YOUR GOAL> Could you count the lines in the entries beneath that hold the word "chêne"? Respond with the number alone.

THE INPUT>
+ + +
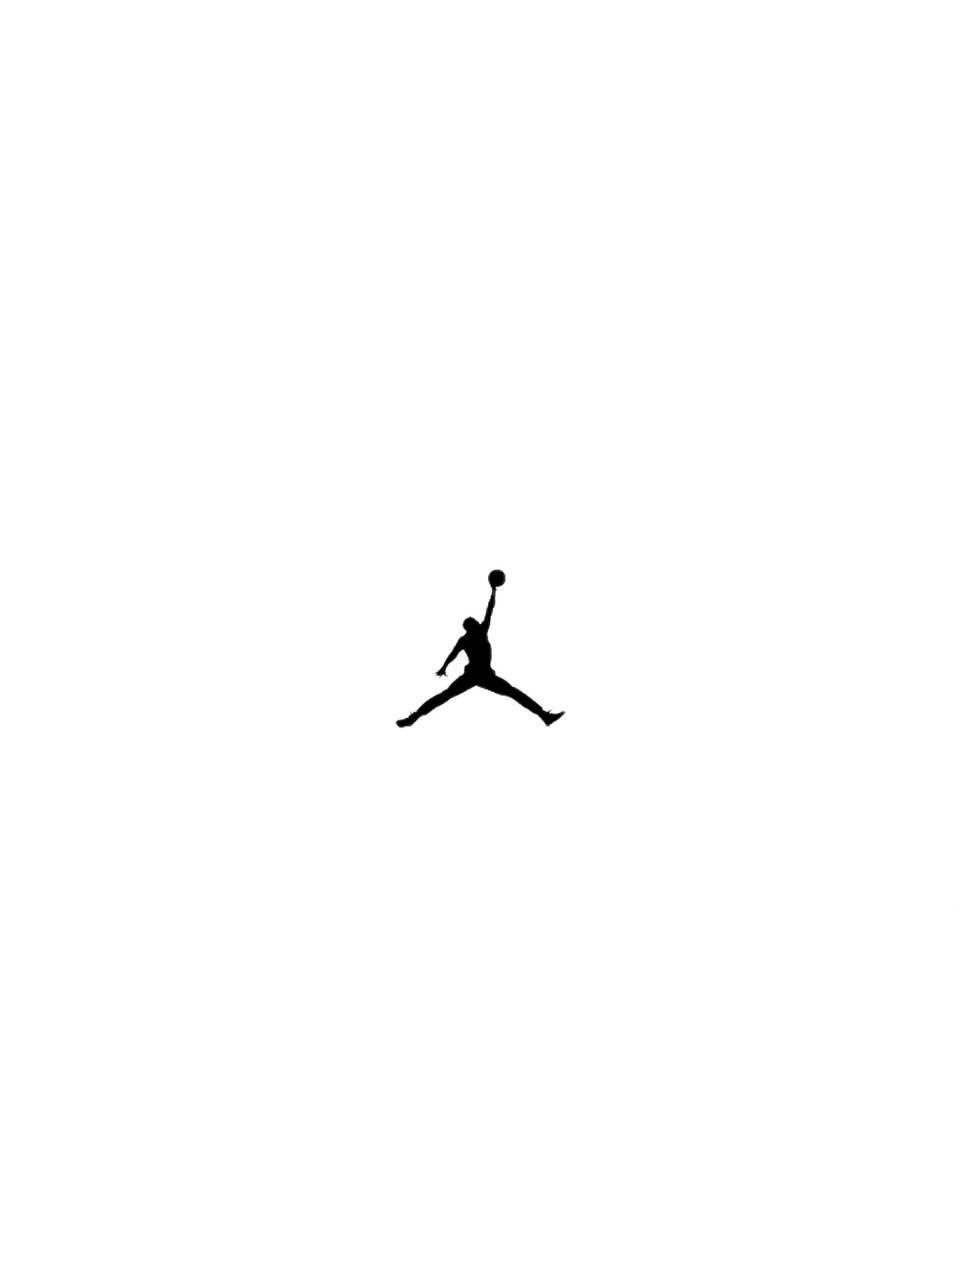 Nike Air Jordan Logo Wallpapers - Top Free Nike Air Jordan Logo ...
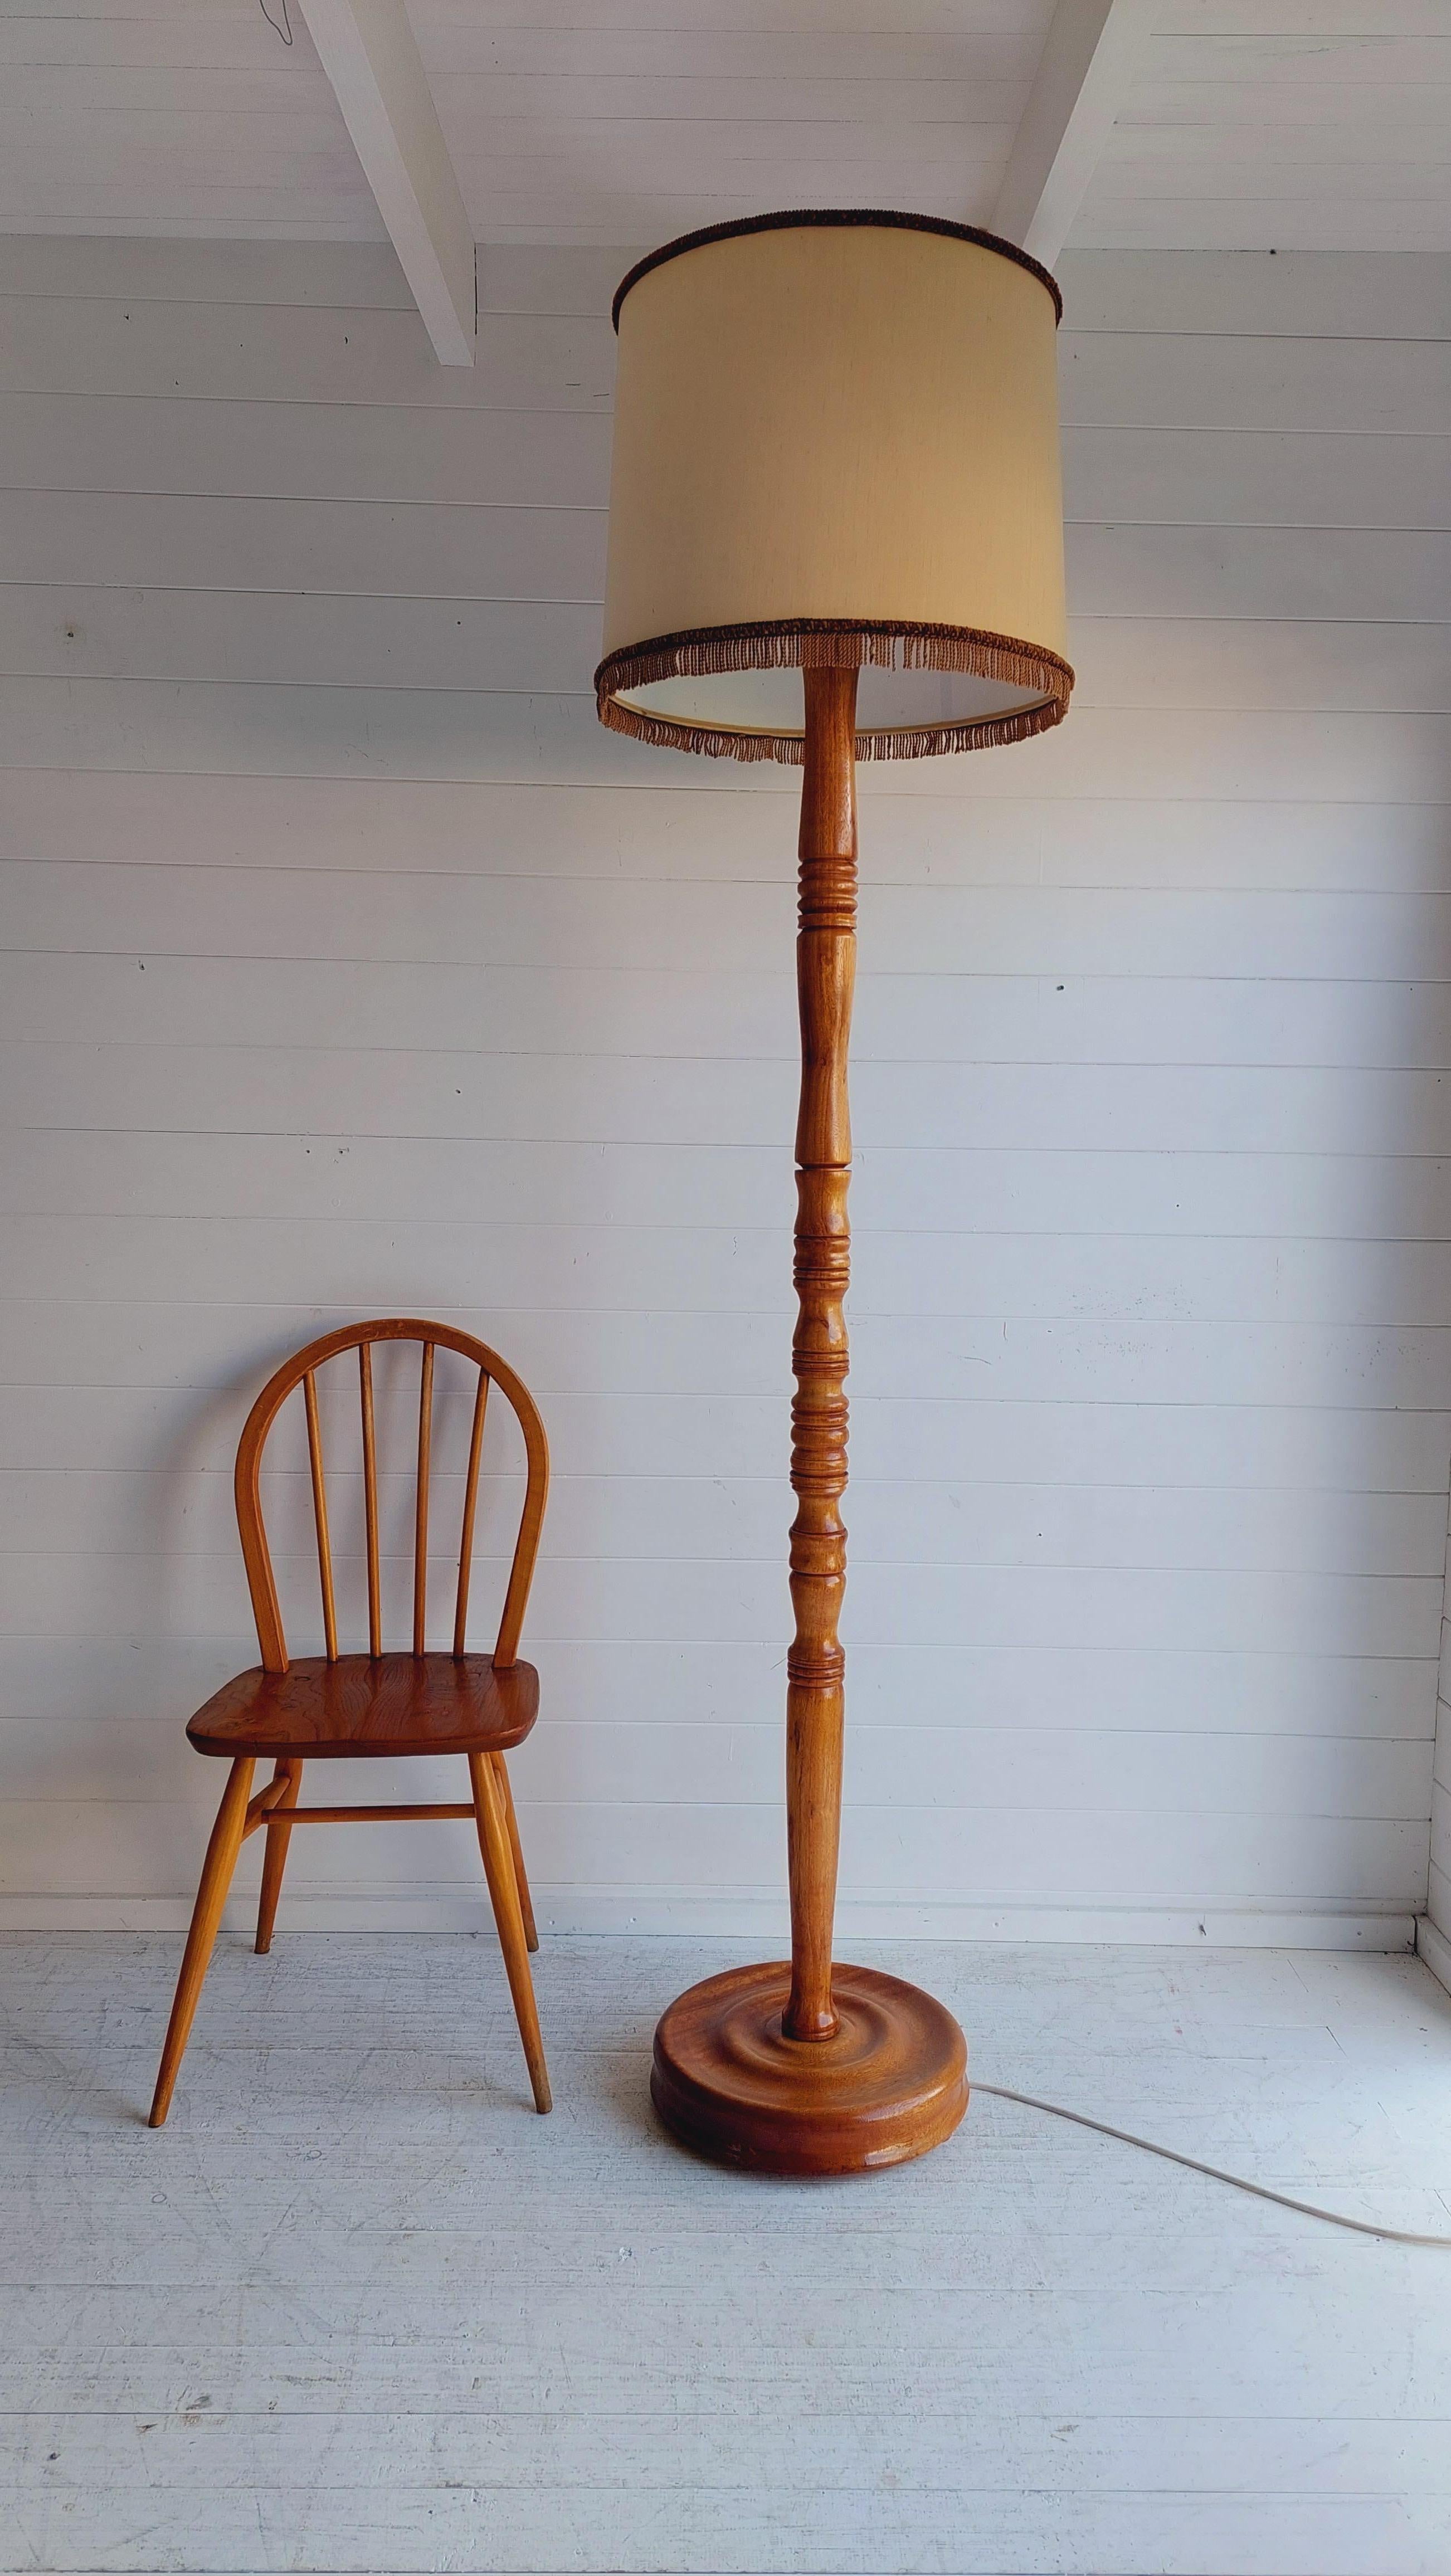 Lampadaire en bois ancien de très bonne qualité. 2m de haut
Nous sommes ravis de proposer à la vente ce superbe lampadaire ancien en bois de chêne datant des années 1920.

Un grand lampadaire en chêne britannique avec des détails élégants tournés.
+ + +
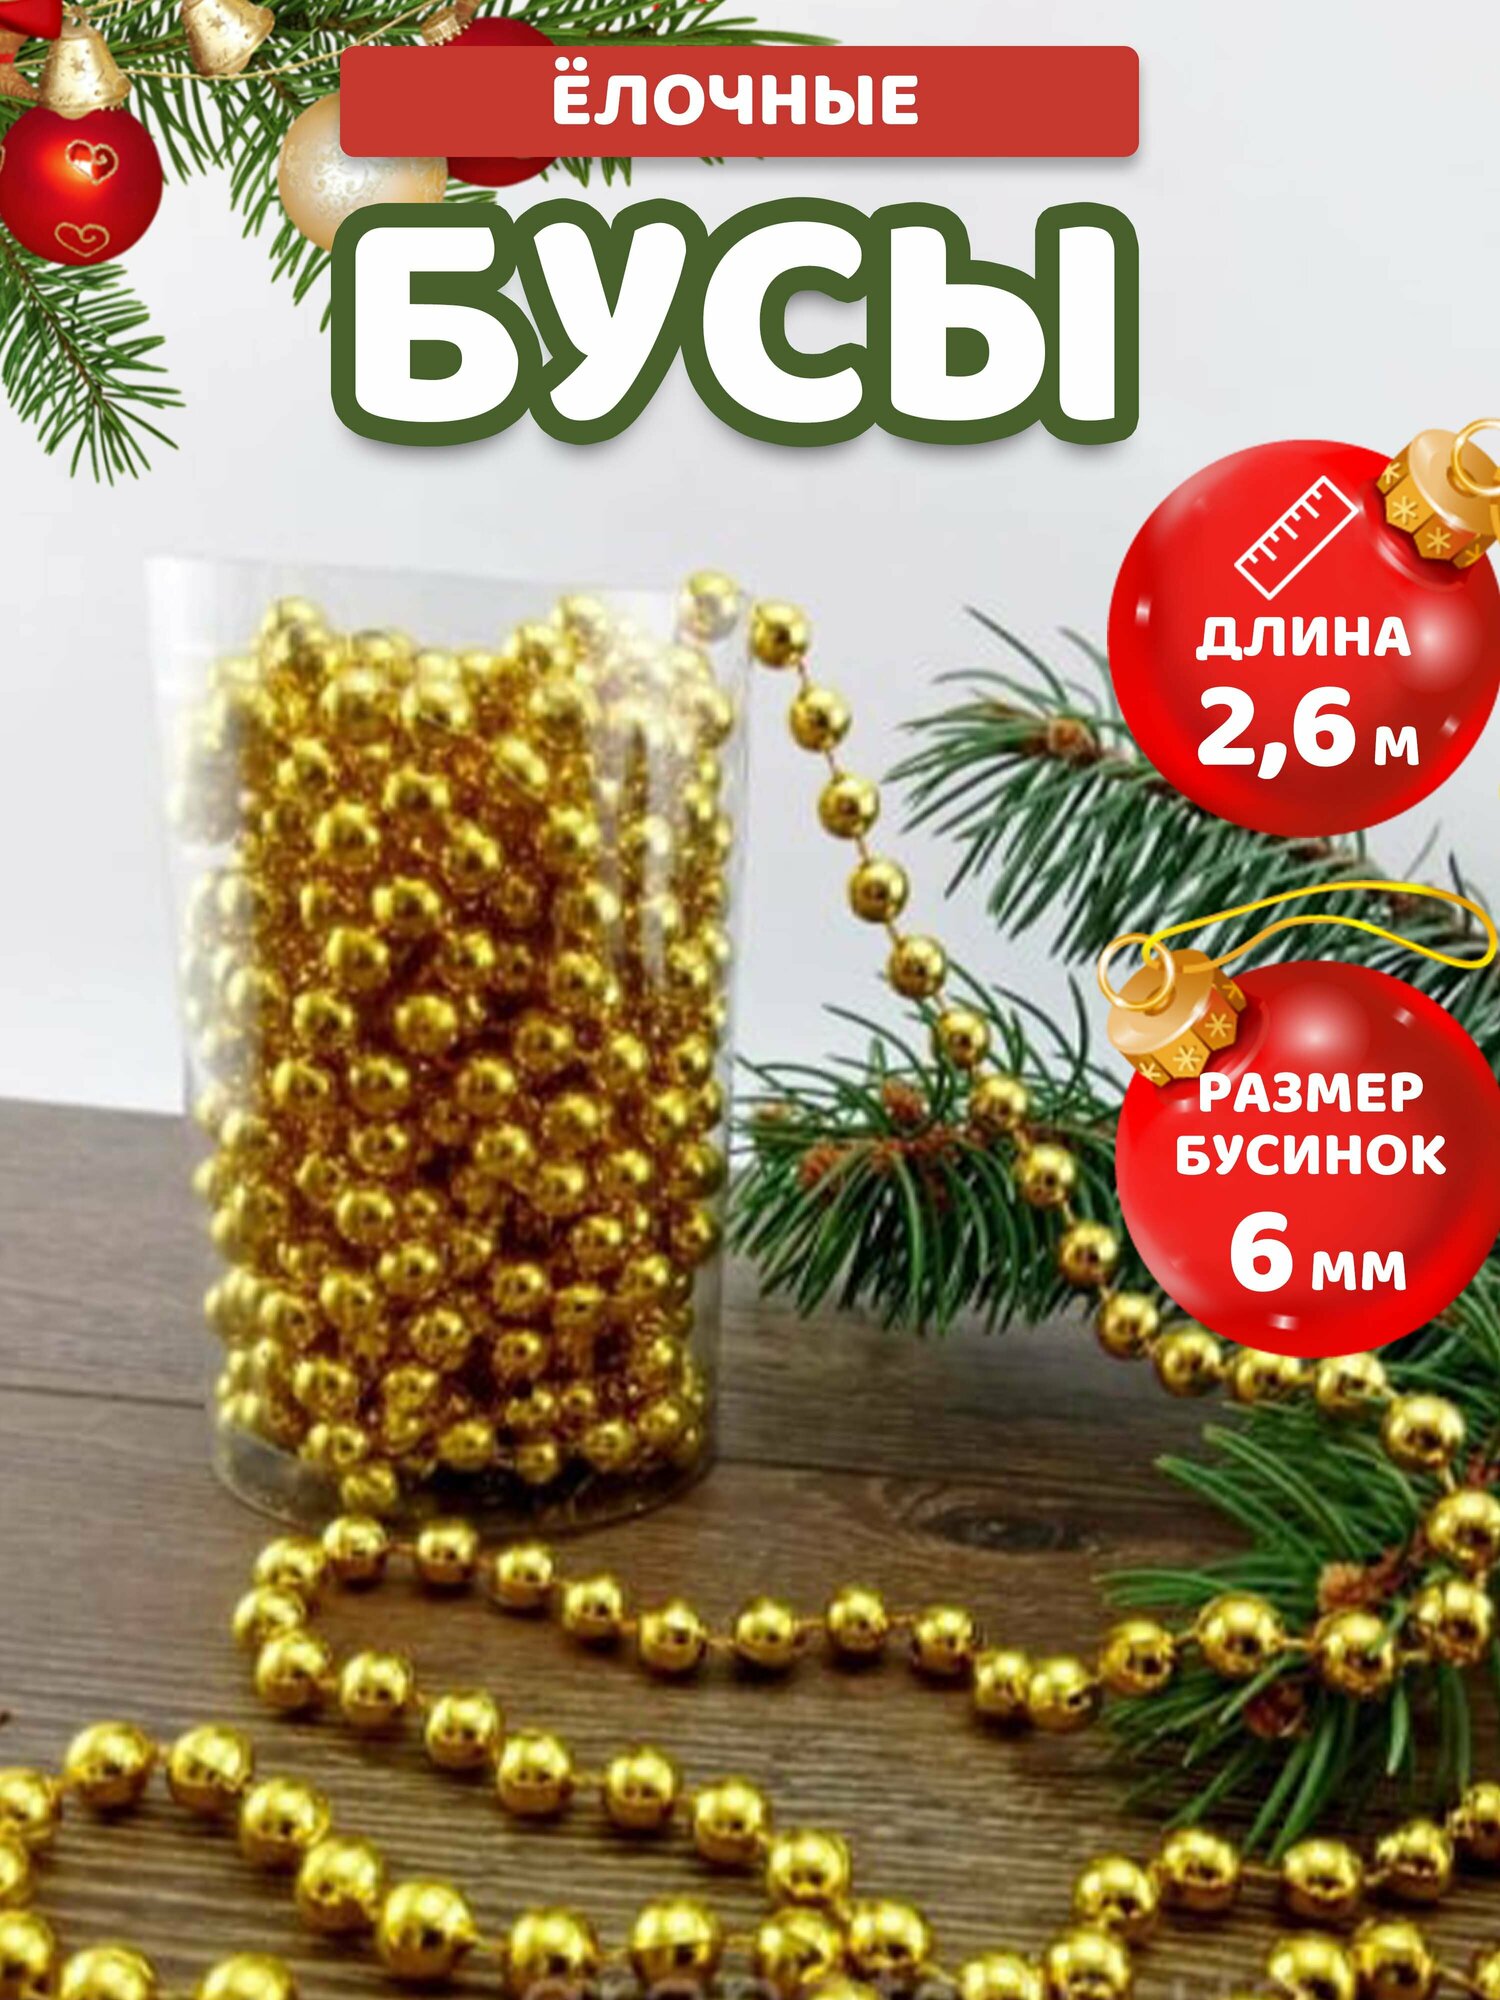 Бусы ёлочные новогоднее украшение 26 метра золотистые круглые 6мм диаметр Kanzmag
+ + +
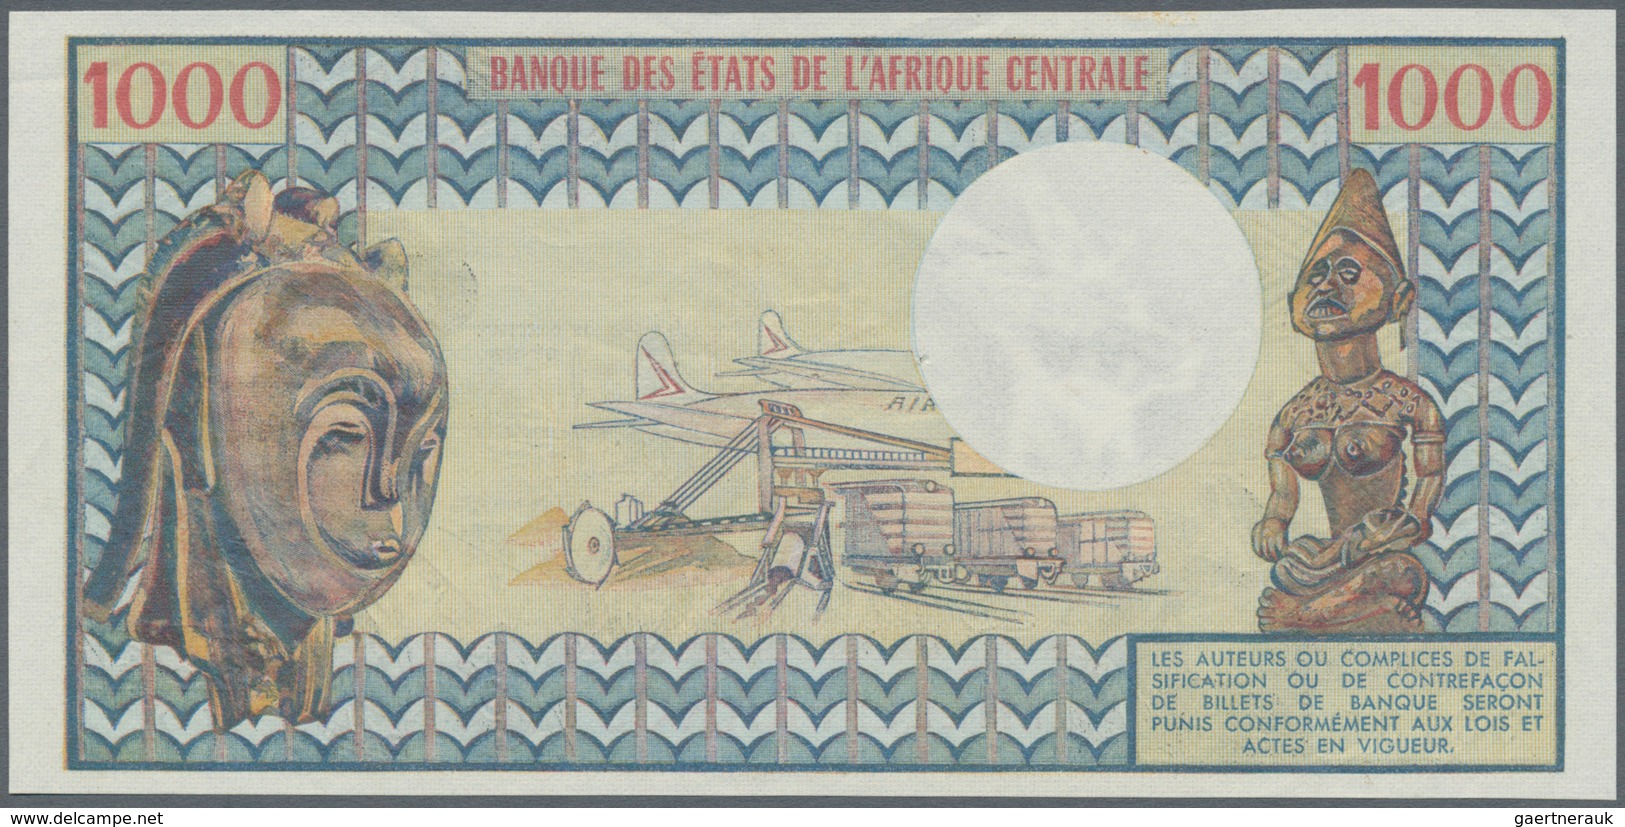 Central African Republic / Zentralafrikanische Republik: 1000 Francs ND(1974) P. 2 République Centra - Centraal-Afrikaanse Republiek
+ + +
COMPLETED TASK> 2